Technology and Social Media: Matters of Parental Responsibility or DOLS?

Reiss Morrison Reiss Morrison 28th September 2023

The recent authority of Manchester City Council v CP & Ors [2023] EWHC 133 (Fam) deals with what is today, one of the most important aspects of a child’s life: their technology and social media use. Whilst most children thankfully do not experience a deprivation of their liberty in the legal sense, for those who do their use of  personal devices and social media raises a very important and modern question: to what extent, if at all, can these be the subject of DOLS restrictions?

The High Court in Manchester City Council v CP & Ors was confronted with this very question, concerned with a girl (P) aged sixteen at the time. P was assessed as working at the level of a seven-year-old child and was placed in local authority care under Section 20 of the Children Act 1989 on 9 June 2021. She was prone to self-harm and suicide attempts, and like many other children, was not deemed eligible for a Tier 4 CAMHS bed.

P was placed under DOLS restrictions on 24 June 2022 and the terms were renewed on several occasions until on 1 September 2022, P was firstly restricted from using her mobile phone, tablet and laptop, and from accessing social media.

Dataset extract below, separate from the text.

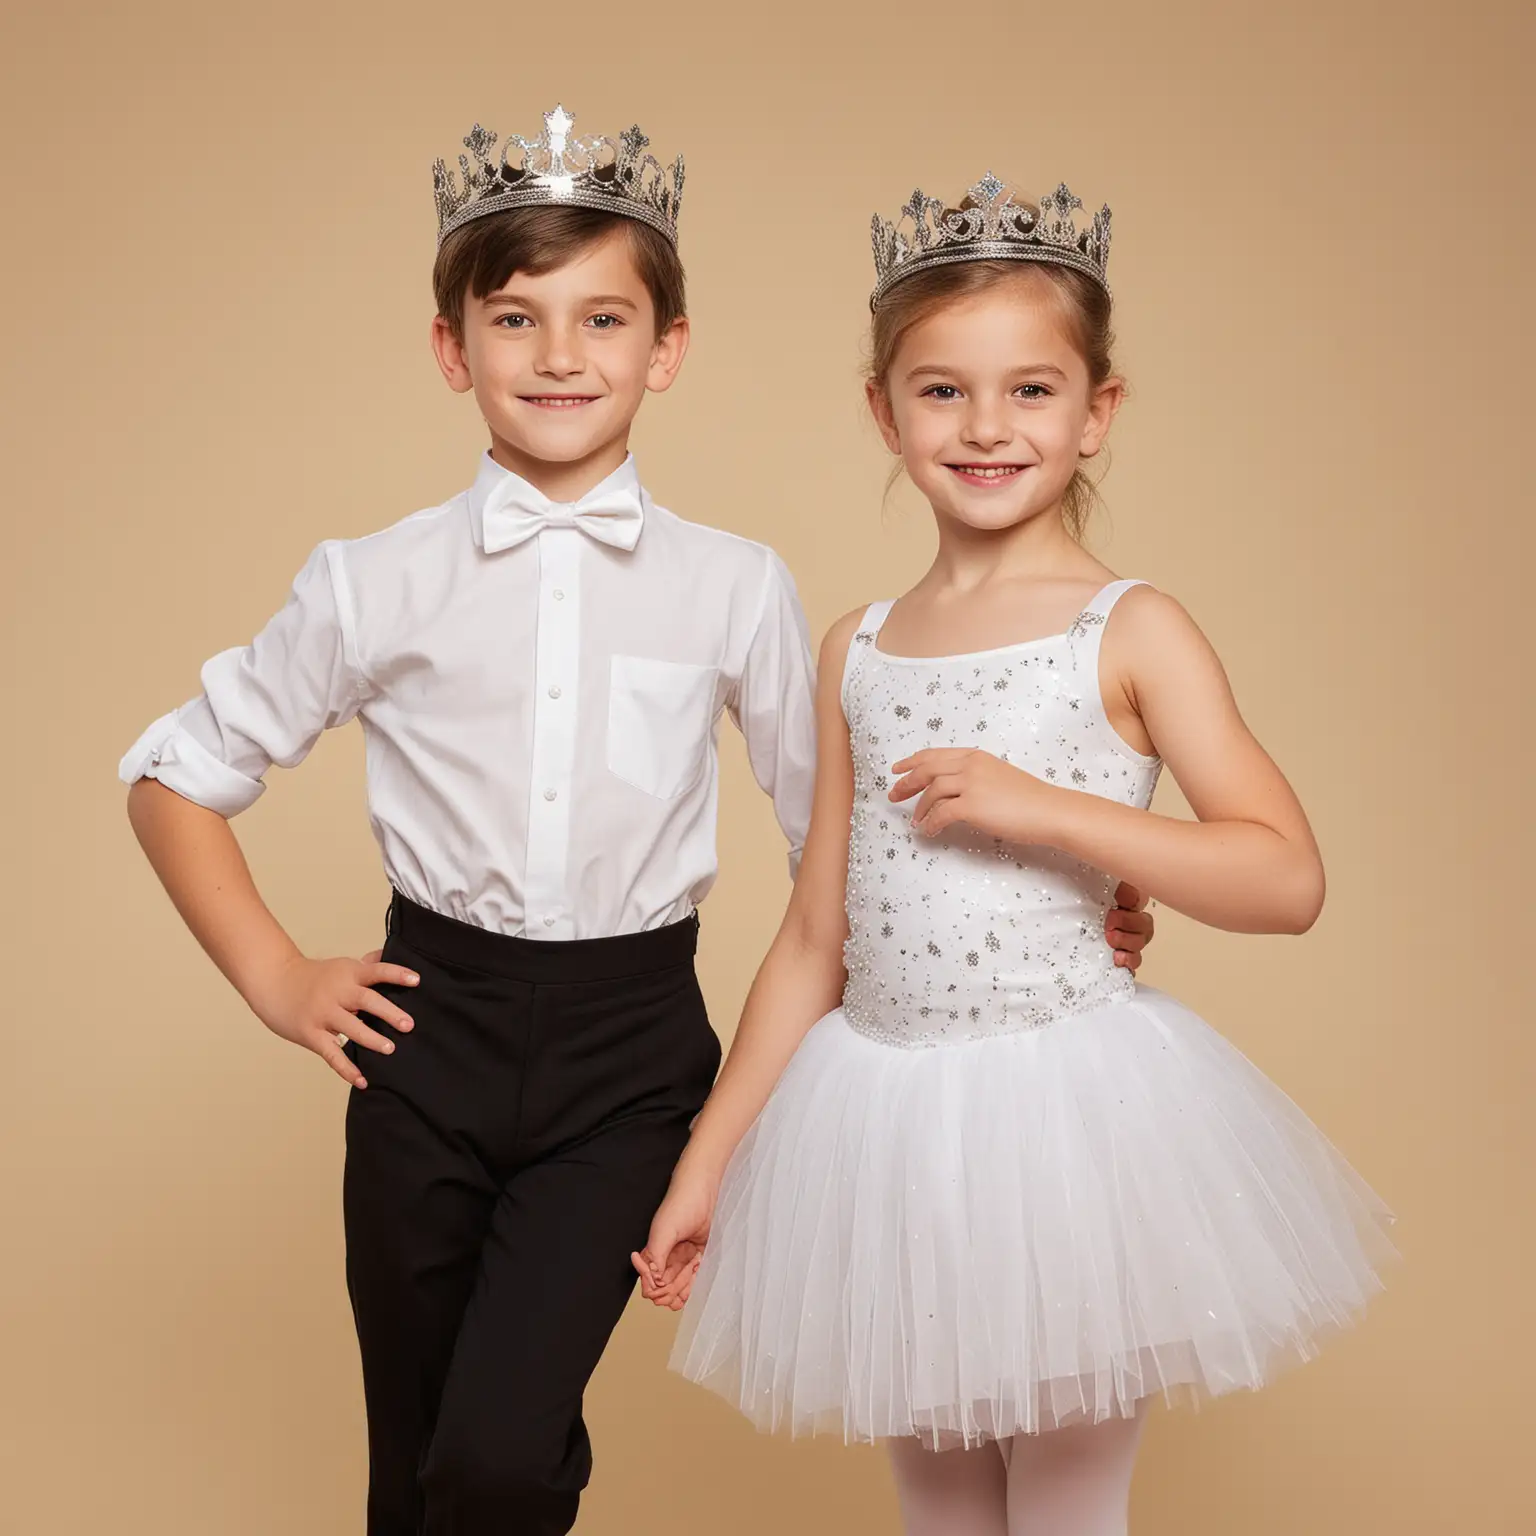 Whimsical Ballet and Tap Dance Camp Happy Kids in Costume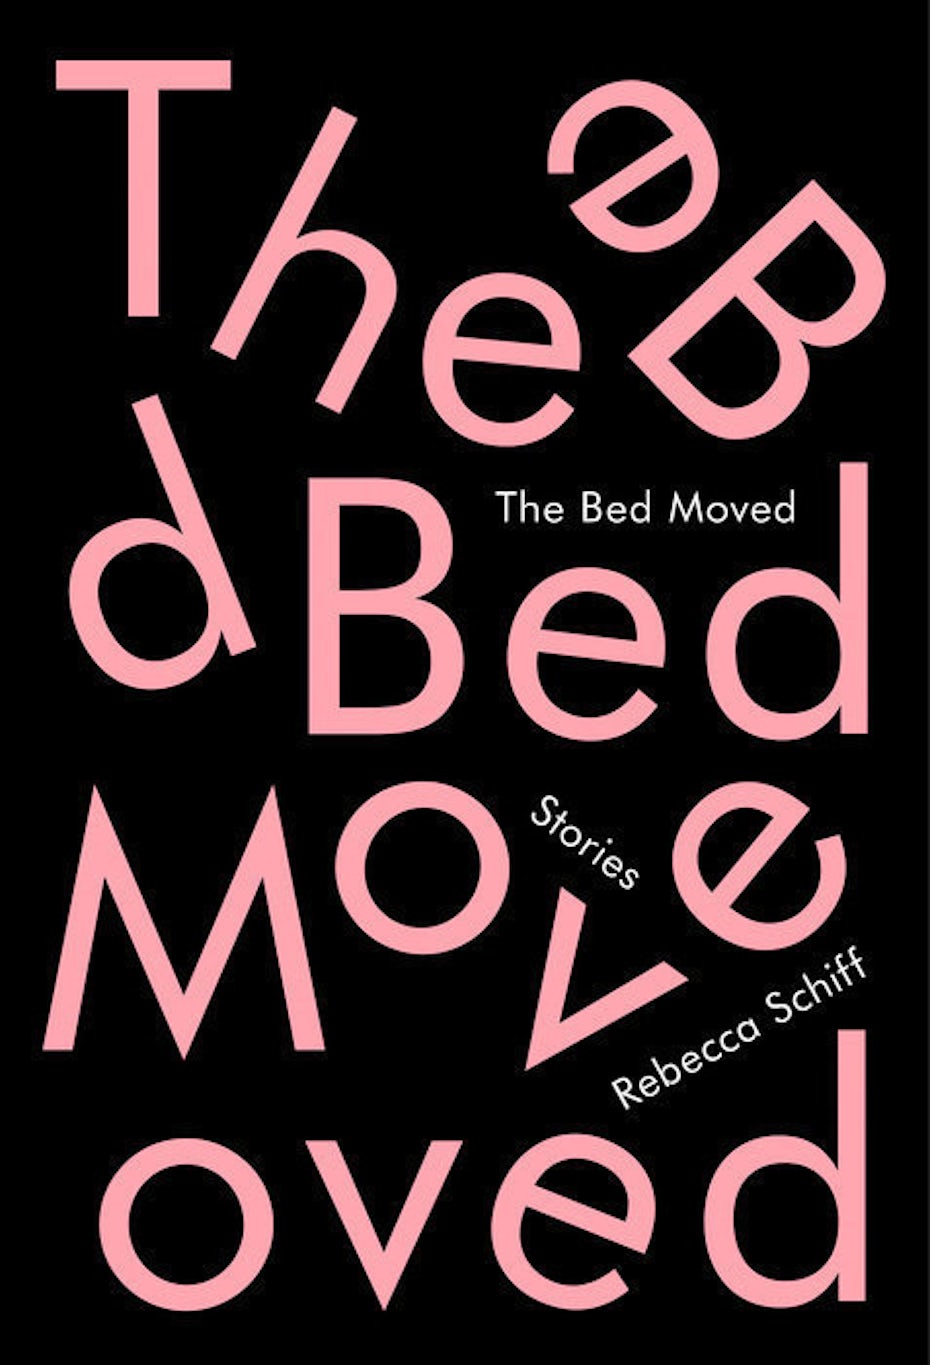 example for breaking design rules: The Bed Moved by Rebecca Schiff, Designed by Janet Hansen

Amongst the reasons given in support of the restrictions were negative conversations between P and her friends, P recording staff and generally managing her behaviour.

The Court decided that removing or restricting the use of P’s devices and social media were not violations of Article 5(1) ECHR (the right to liberty and security, which can only be deprived in accordance with the law) and accordingly such measures could not be authorised under the DOLS regime. Instead, and so the crucial distinction was drawn, the Court ruled that the Local Authority could lawfully impose the foregoing restrictions but instead under its exercise of parental responsibility prescribed by Section 33(3)(b) of the Children Act 1989, much the same as a biological parent could remove their child’s mobile phone to safeguard them from an online threat or to manage their behaviour.

Interestingly, however, Mr. Justice MacDonald countenanced the use of the inherent jurisdiction and not Section 33(3)(b) to authorise restraint or other force to remove a child’s device if they did not hand it over, if justified by evidence ([69]). He decided that that technology is theoretically a matter for both parental responsibility and DOLS, but that normally parental responsibility is the correct legal mechanism to manage a child’s use of their technology.